Yea, there's an entire initiative right now with [libpython-clj](https://github.com/cnuernber/libpython-clj) that is aimed exactly at people like you.  It's functional now, but the devs are actively working on getting the user experience and compatibility improved, specifically to support "just wrapping" libraries like pandas, numpy, etc.  Same author as tech.ml.dataset; you may find it helpful.  There's a dev channel on the [clojurians zulip ](https://clojurians.zulipchat.com/#narrow/stream/215609-libpython-clj-dev) if you're interested.

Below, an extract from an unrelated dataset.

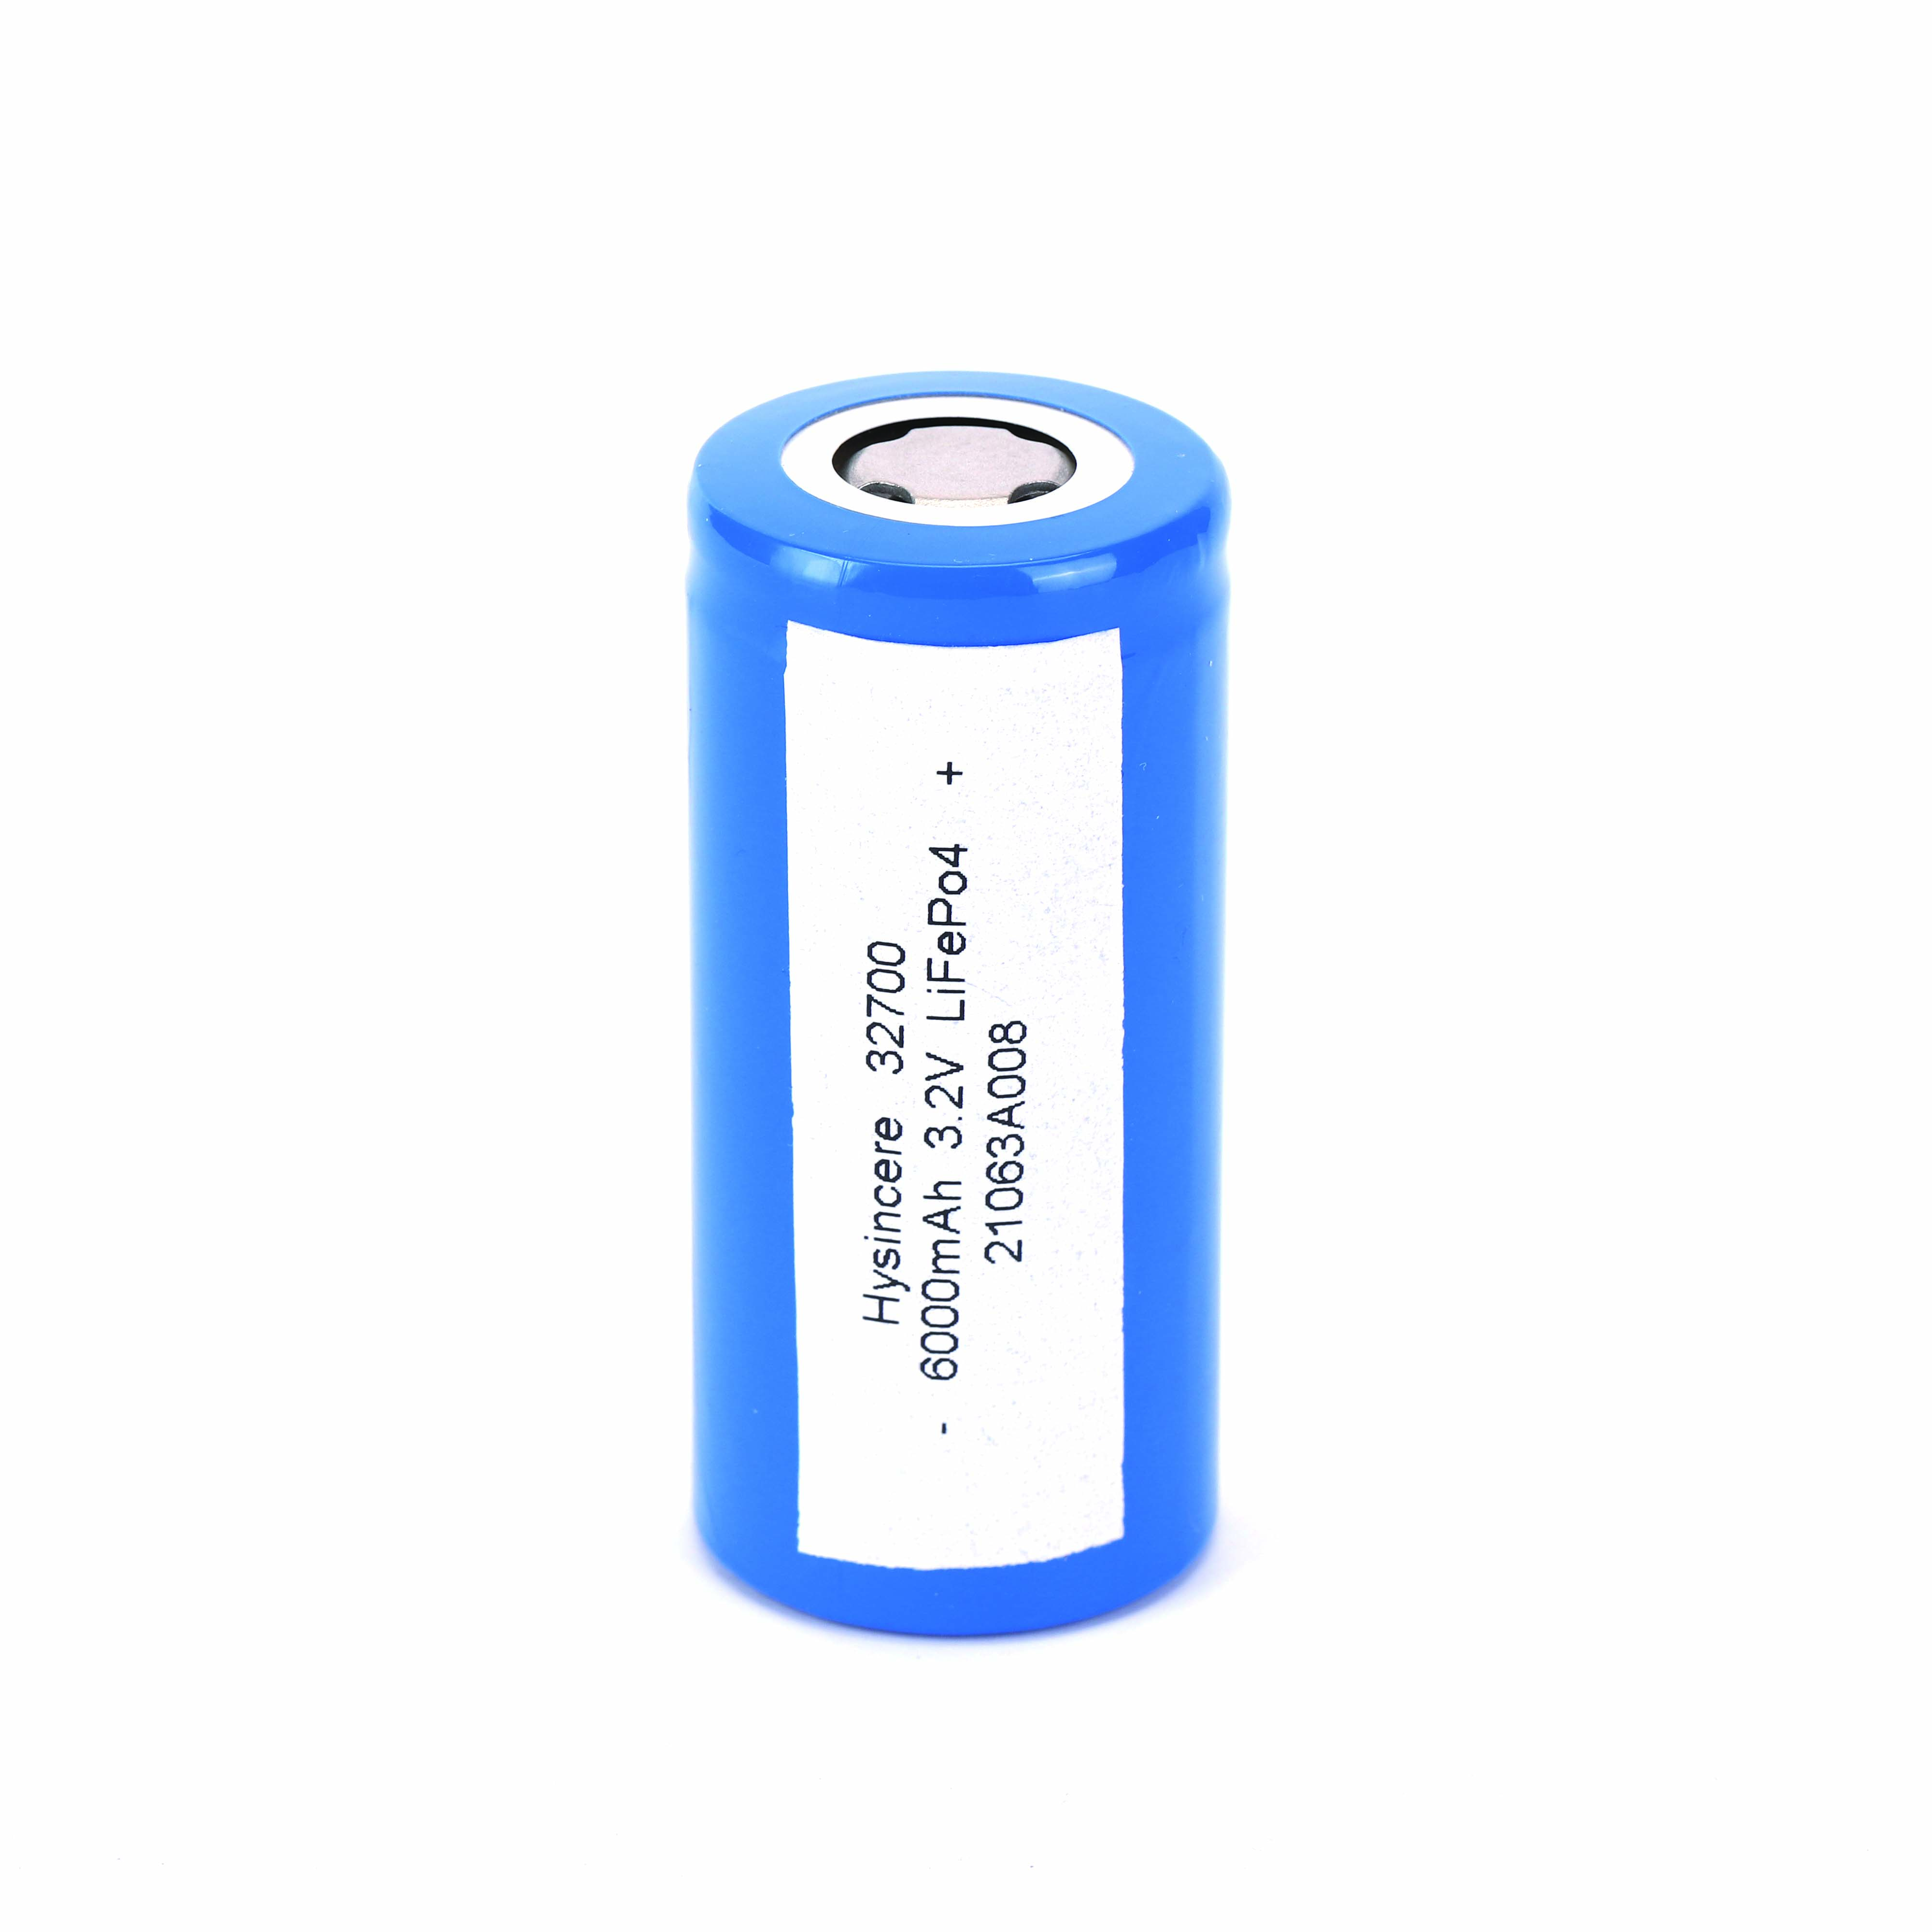 Lithium Ion Battery Low Temperature Rechargeable 18650 26650 -40°C

IMO, this has been a weak spot for clojure in the past, but it's getting rectified.  A lot of folks take a "sequence of maps" approach - which is great from an API standpoint since you can just leverage all the seq/transducer libraries in a very natural workflow.  However, the data representation is severely bloated and just isn't practical for even moderate sized files.  A lot of my work with spork.util.table resulted after running into these problems, as well as seeing libraries like R's datatable just plow through similar size inputs.  I think tech.ml.dataset is on the right track though (definitely on the space and speed frontier), since it leverages some clever work in TableSaw (which is trying to be like pandas for the JVM).
thank you, aware of libpython-clj and quite exciting. And you're right my very first approach was the sequence of maps: with 5500 columns that was blowing up immediately from a memory standpoint. Had a look at spork, very interesting stuff,!
Final comment, in case you find it useful:  I did some testing with clojure.data.csv, along with the string pooling I showed and tablesaw's implementation (it uses a bytemapdictionary that promotes to shortmap with some interesting properties).

In general, naive string pooling and tablesaw's implementation appear to perform about the same.  If you pool every entry while parsing the csv, then you get about a 4x compression.  On my test data set, about a 2850779  line, 268 mb tsv file, on an i7 with a 4gb heap, I busted the heap and get a GC error if I try to realize the naive data.csv seq into a vector.  Using string pooling (still somewhat naive, but trying to cache repeated references), I'm able to build the vector in 45s, and use about 800mb of memory.  Playing with pool size and bounds can provide minor gains, but the defaults seem pretty decent.


Streaming and building a more efficient cached structure is probably better, but if you can afford the 0.8gb heap usage and about a minute of read time, maybe it's tenable for your use case.  Obviously, compression will vary with the dataset (e.g. if you have very sparse set of categorical data, you'll do better).
thank you so much Tom!
+2 votes

Every field in a CSV file becomes a separate Clojure/Java string in memory after parsing. Every Java string in JDK 8 requires 24 bytes for a String Object, plus 16 bytes for an array object, plus 2 bytes per char (they are stored in memory as UTF-16, 2 bytes per char, even if ASCII). The 40 bytes per field might be far larger than 2 bytes per char, depending on how many fields your CSV file has. If you use JDK 9 or later, compact strings enable a memory optimization of 1 byte per char in memory if a field contains only ASCII chars, but it does not reduce the 40 bytes per string/field.

thanks, helps me understand the memory usage!